As I said yesterday, I don’t think most Americans understand that we’ve made it essentially impossible for low-skilled immigrants to work here legally. Nor do they realize that there are thousands of “illegals” who were brought here when they were children and have never known another home.
To be clear, I think this is less a matter of malice than of intellectual laziness. By all accounts, Irving Bieber didn’t hate gay people; he just didn’t try very hard to understand them. Similarly, the American voters who clamor for stricter immigration enforcement aren’t trying to ruin immigrants’ lives, they just haven’t thought very hard about what it would be like to be in an immigrant’s shoes.
But it’s precisely because double standards arise so naturally that we’ve developed strong stigmas against indulging them. We have strong taboos against making lazy generalizations about (or advocating discriminatory policies against) blacks, Jews, Catholics, homosexuals, or other traditionally disadvantaged groups. This taboo provides a counterweight to the ugly, tribal part of the human psyche that has created so much misery over the centuries.
Unfortunately, there’s no analogous stigma with respect to illegal immigrants. To the contrary, liberals and conservatives alike compete to show how tough on illegal immigrants they are.
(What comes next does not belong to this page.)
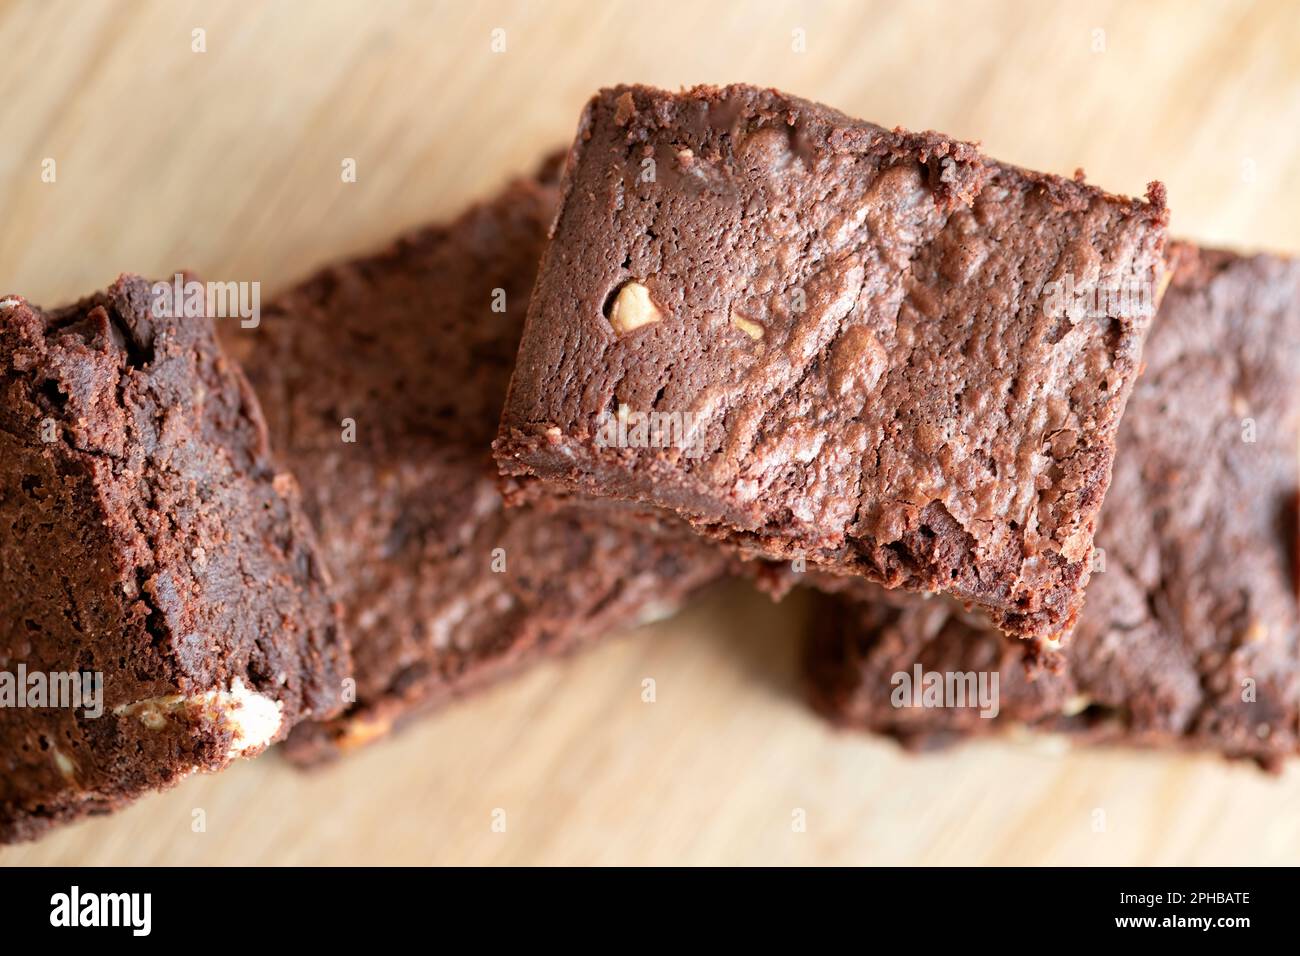 Eine Charge frisch gebackener dreifach-Schokoladen-Brownies auf einer Holzplatte. Die Brownies sind noch warm und klebrig. Ein Genuss Stockfoto

So the same natural but ugly habits of thought that did so much damage to blacks, Jews, gays, and other minority groups in the past are stoking public hostility towards immigrants today. Merely correcting factual and logical errors is unlikely to be effective in the face of this kind of entrenched prejudice. What needs to be done is what the gay rights movement did in the early 1970s: to humanize the debate by focusing attention on specific, sympathetic individuals who have been harmed by the existing policy. The DREAM Act does this beautifully. The Founders Visa does just the opposite.